Реки, плавные воды которых несли дальше по жизни, растворяли уставшее сердце в своём свободном потоке. Мысли обволакивались струями чувств и призывали сосредоточиться. Виссарион мысленно возвращался к истокам этих рек и размышлял – Лермонтов далеко не уступит Пушкину в художественности и виртуозности, в стихе музыкальном и упруго-гибком. Но содержание, добытое со дна глубочайшей и могущественной натуры, исполинский взмах, демонский полёт – всё это заставляет думать, что мы лишились в Лермонтове поэта, который по содержанию шагнул бы дальше Пушкина. Надо уже удивляться детским произведениям Лермонтова, хотя бы его «Боярину Орше» или «Демону». Это не «Руслан и Людмила», конечно, – тут нет никакого легкокрылого похмелья, никакого безделья, ни лени золотой, ни вина и шалостей Амура, – нет, это – сатанинская улыбка на жизнь, искривляющая младенческие ещё уста, это «с небом гордая вражда», это призрение рока и предчувствие его неизбежности. Всё это по-детски, но страшно сильно и взмашисто.

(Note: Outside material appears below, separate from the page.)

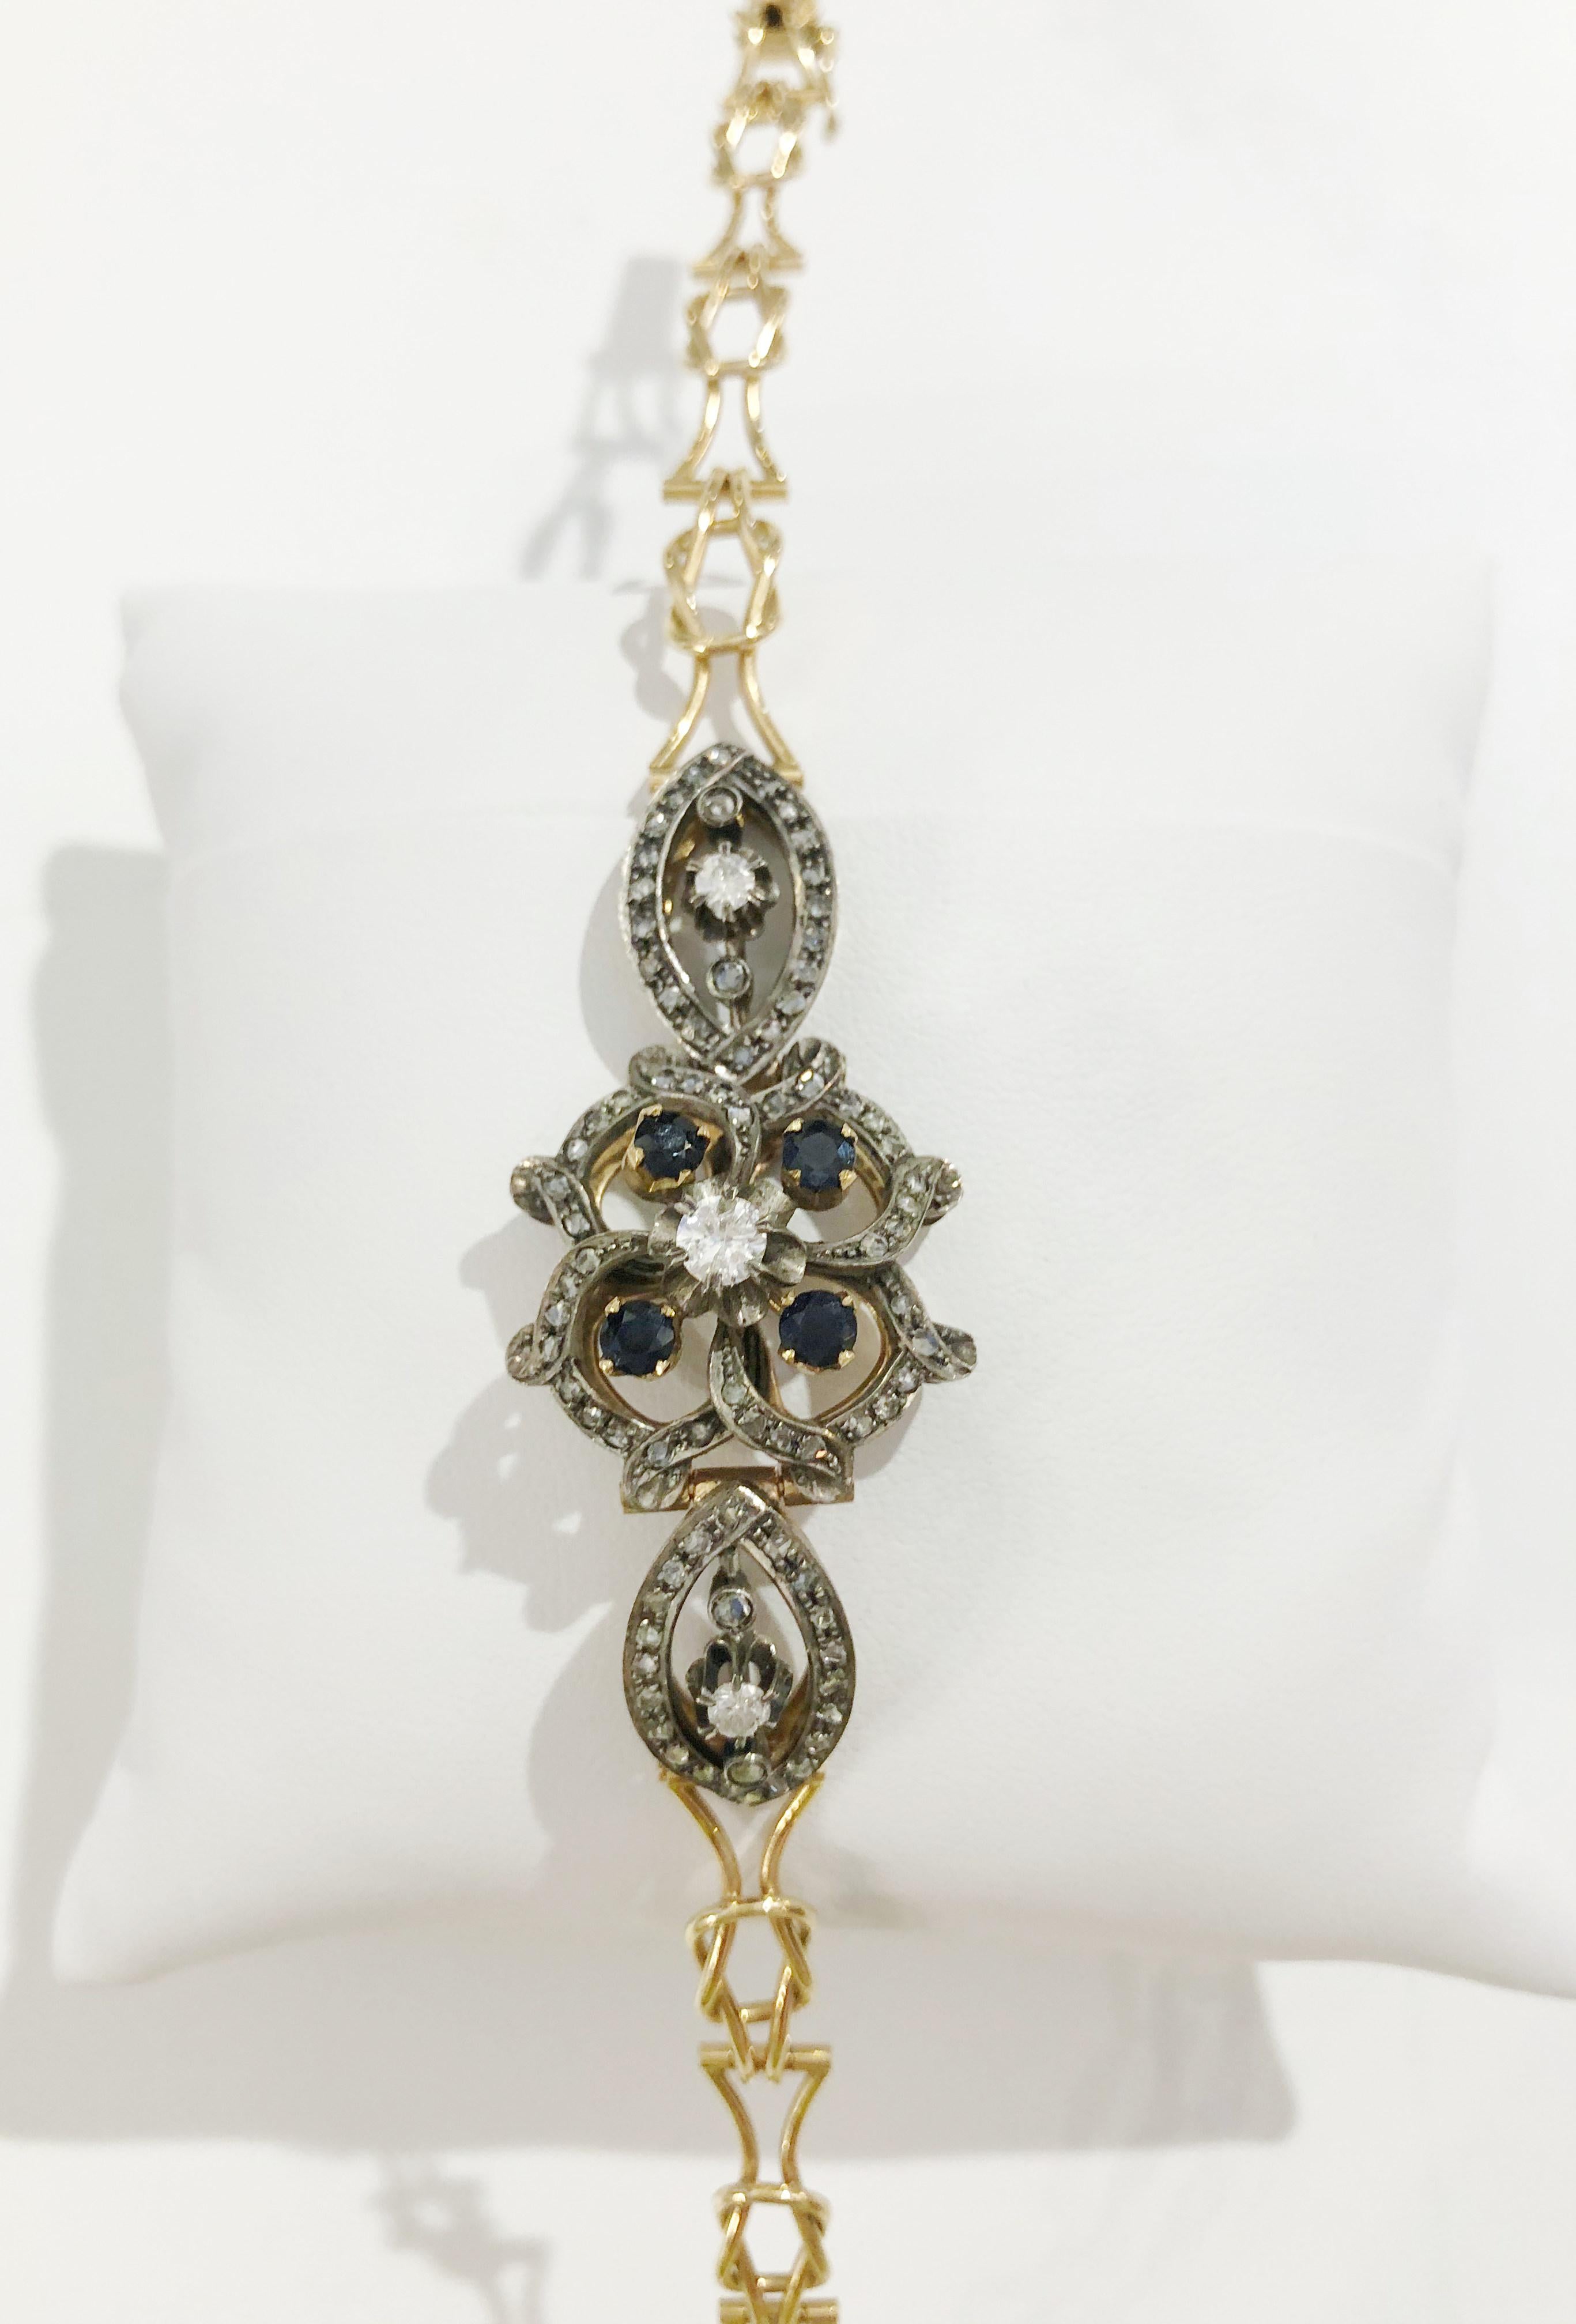 Vintage 18 karat gold bracelet with blue sapphires and brilliant diamonds, Italy 1950-1970
Length 19 cm

 С Виссарионом определённо случилась новая болезнь. Ныла грудь, но не так сладостно, как сладострастно… Словно волны пламени то захлынивали на сердце, то отхлынивали внутрь груди; но волны сии были так влажны, так охладительны. Это ощущение было ему уже давно знакомо, но никогда раньше оно не было так глубоко, так чувствительно, так похоже на болезнь. Странным он себе казался человеком – иное в нём – то едва скользнёт, а иное – так зацепит, что он тем и жил только: «Демон» уж так зацепил, сделался фактом его жизни, что твердил он его про себя, находя себя в нём – в мире истин, чувств и красот…

 И почему-то снова вспомнил Сашеньку – барышню Александру Александровну. Отчего человек понимает, что ему пора жениться? Да, когда он делается неспособным влюбляться, перестаёт видеть в женщине «её», а видит в ней просто особу противоположенного пола. Он вспоминал: когда он говорил с нею – он пьянел без вина, из глаз излучались искры. Но её нет – и всё кончено. Да себя и не обманешь: полюби-ка сама сперва, да дай это знать – так, пожалуй, сойдёшь и с ума, сделаешься дураком, каких свет не видывал…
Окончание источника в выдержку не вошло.